Jennifer Gordon (Fordham University School of Law) has posted to ssrn her paper, “Law, Lawyers, and Labor: The United Farm Workers’ Legal Strategy in the 1960s and 1970s and the Role of Law in Union Organizing Today Here is the abstract:
What does law offer labor? It depends. Today’s discussions of the NLRA from the union perspective are tinged with desperation about what law does for and to organizing. In despair, however, workers and their institutions risk losing sight of critically valuable lessons that emerge from a long view of the labor movement about the varied ways that law can interact with collective efforts to improve working conditions. This article offers new insights on that front, both through a brief overview of the changing relationship between the labor movement, law, and lawyers during the twentieth century, and, more deeply, through an exploration of fifteen years in the specific experience of one union, the United Farm Workers (“the UFW”), between 1965 and 1980. Many are aware of the basic outlines of the UFW story. Few realize that lawyers and a powerful combination of legal and organizing strategies played important roles in the United Farm Workers’ victories.

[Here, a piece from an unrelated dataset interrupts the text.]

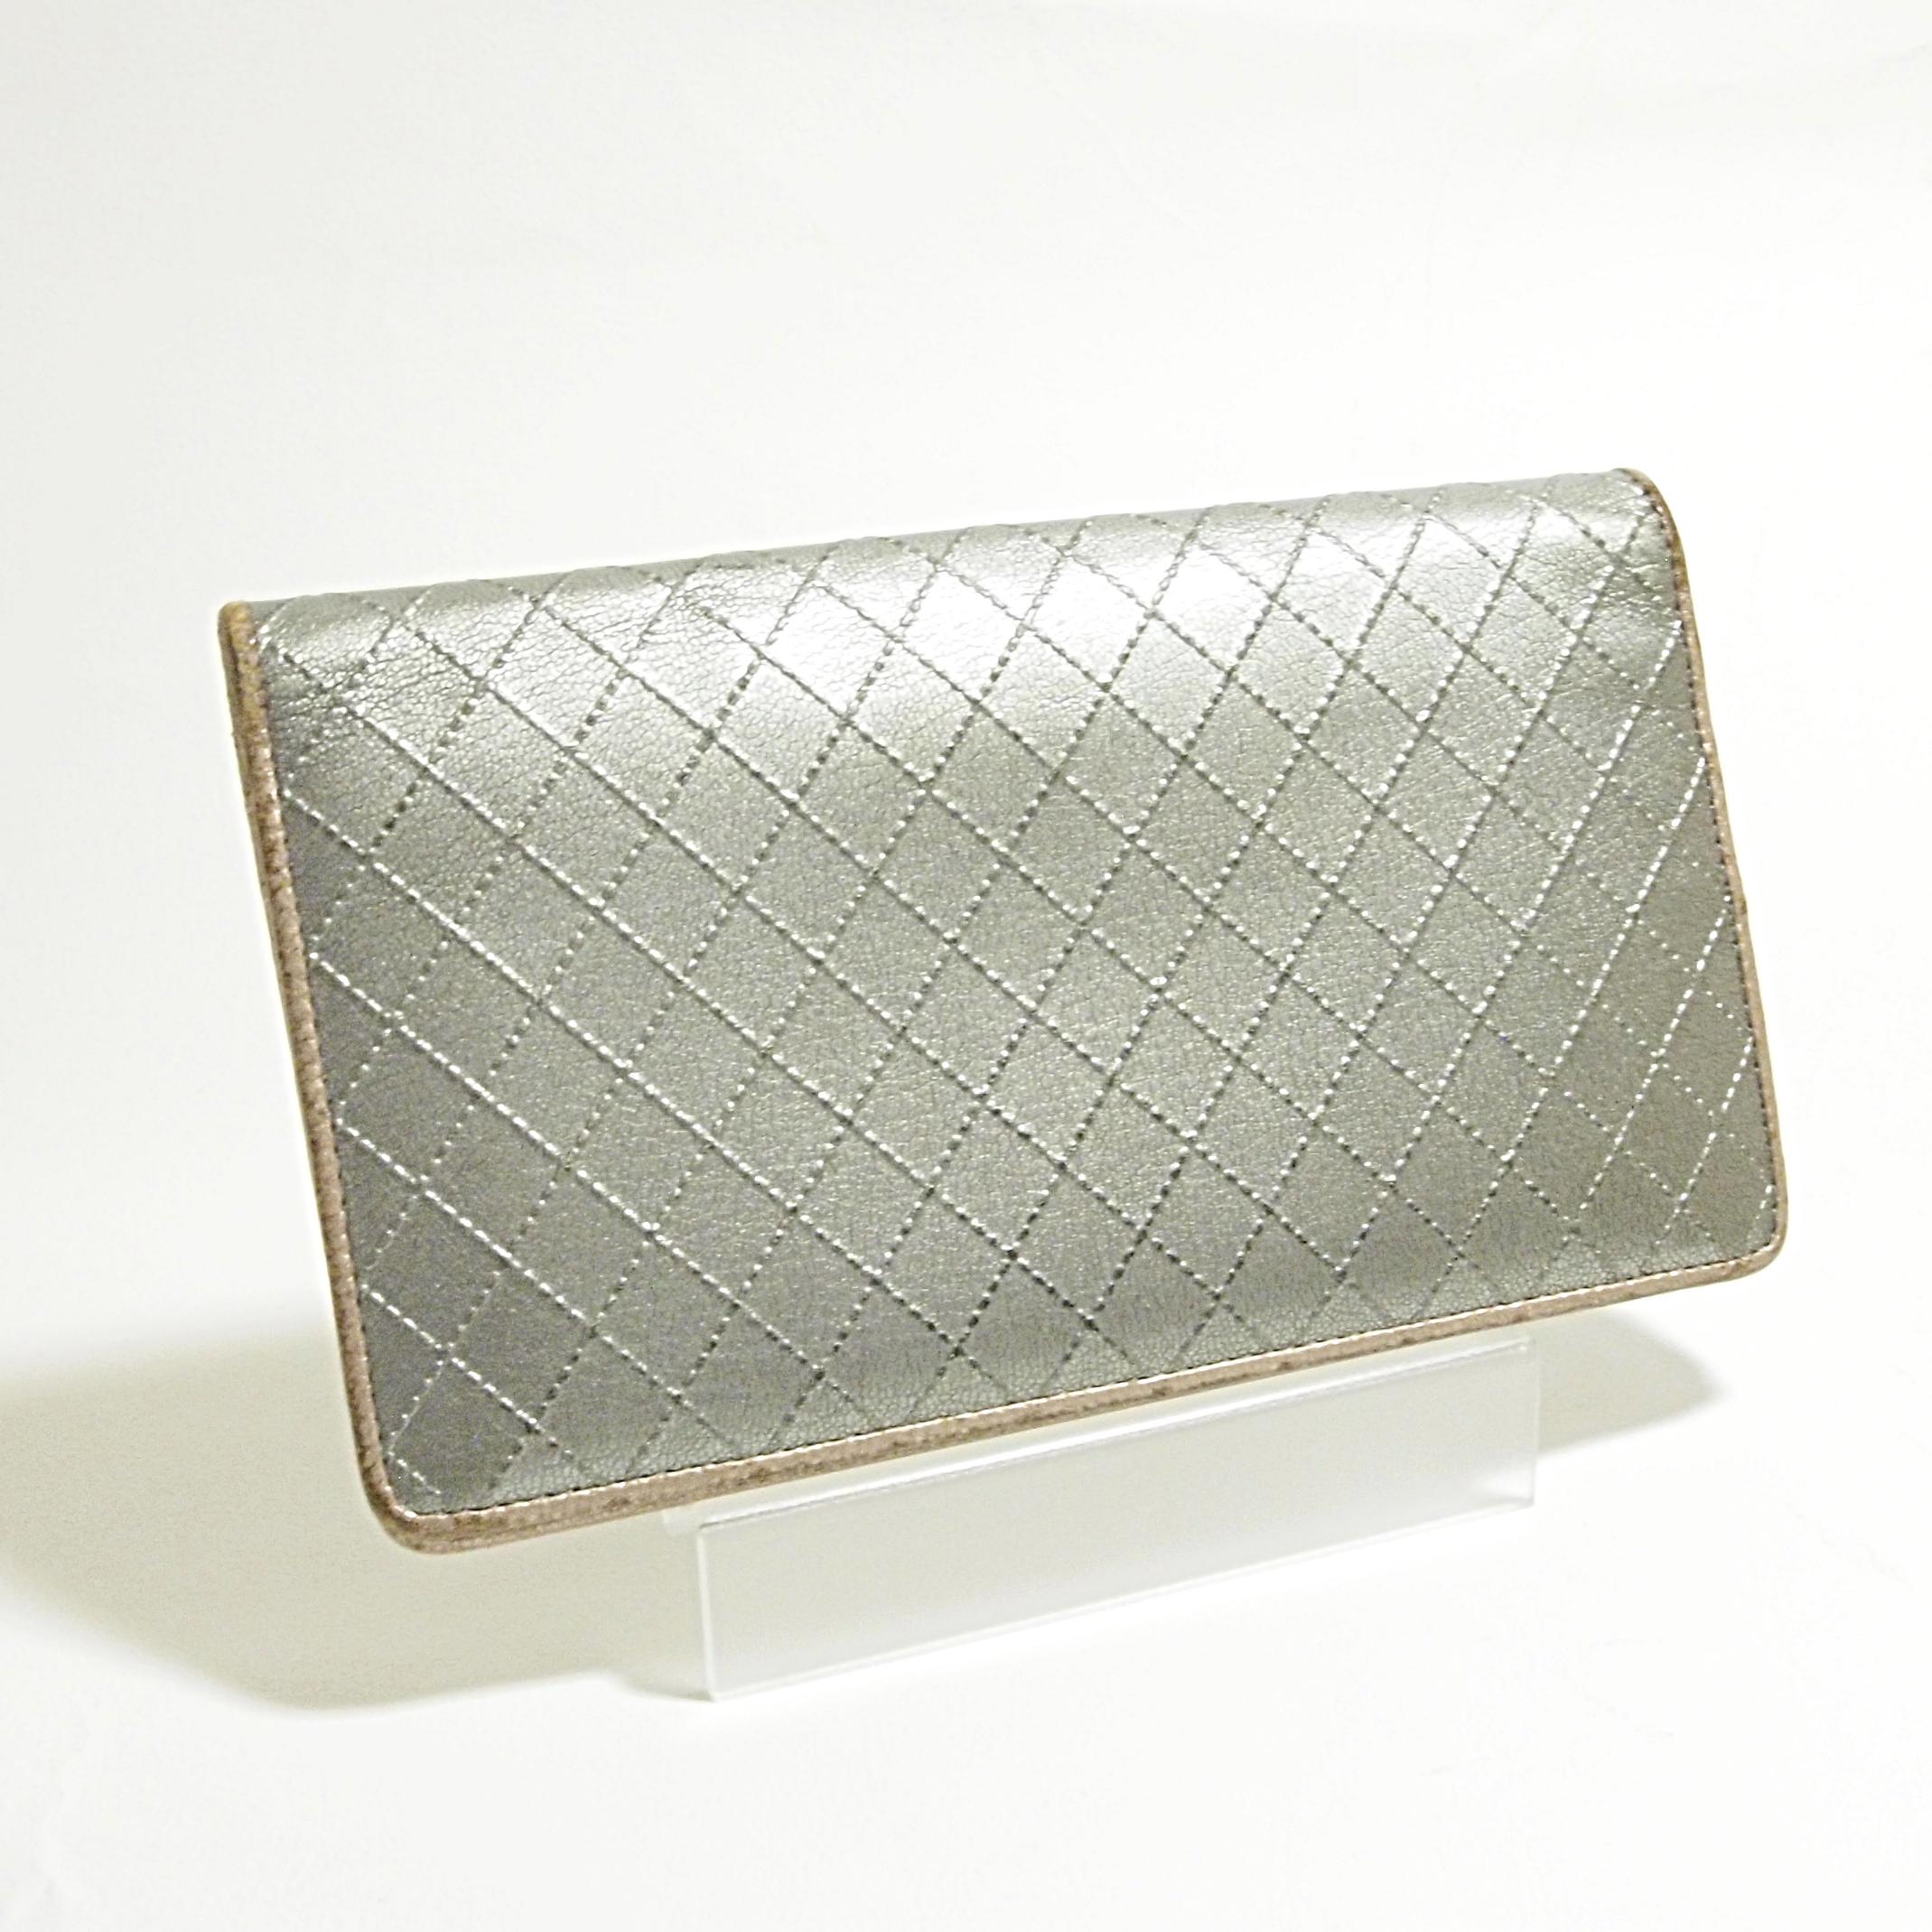 シャネル CHANEL 長財布 ワイルドステッチ カーフ シルバー色/ゴールド色 中古

I analyze the UFW’s legal strategy as an example of social justice lawyering that offers concrete lessons not only for the labor movement but for other organizing efforts today. I focus in particular on the cyclical push-pull between the attractions of lawyering and organizing outside of a governing framework and on the powerful urge to enshrine the right to organize in law, evident in the experience of the UFW and recurring again in labor unions’ work today. Throughout, my argument is this: used thoughtfully (and often unconventionally), with full awareness of its pitfalls, law can play an important supporting role in the rebirth of a movement, both in the workplace and beyond.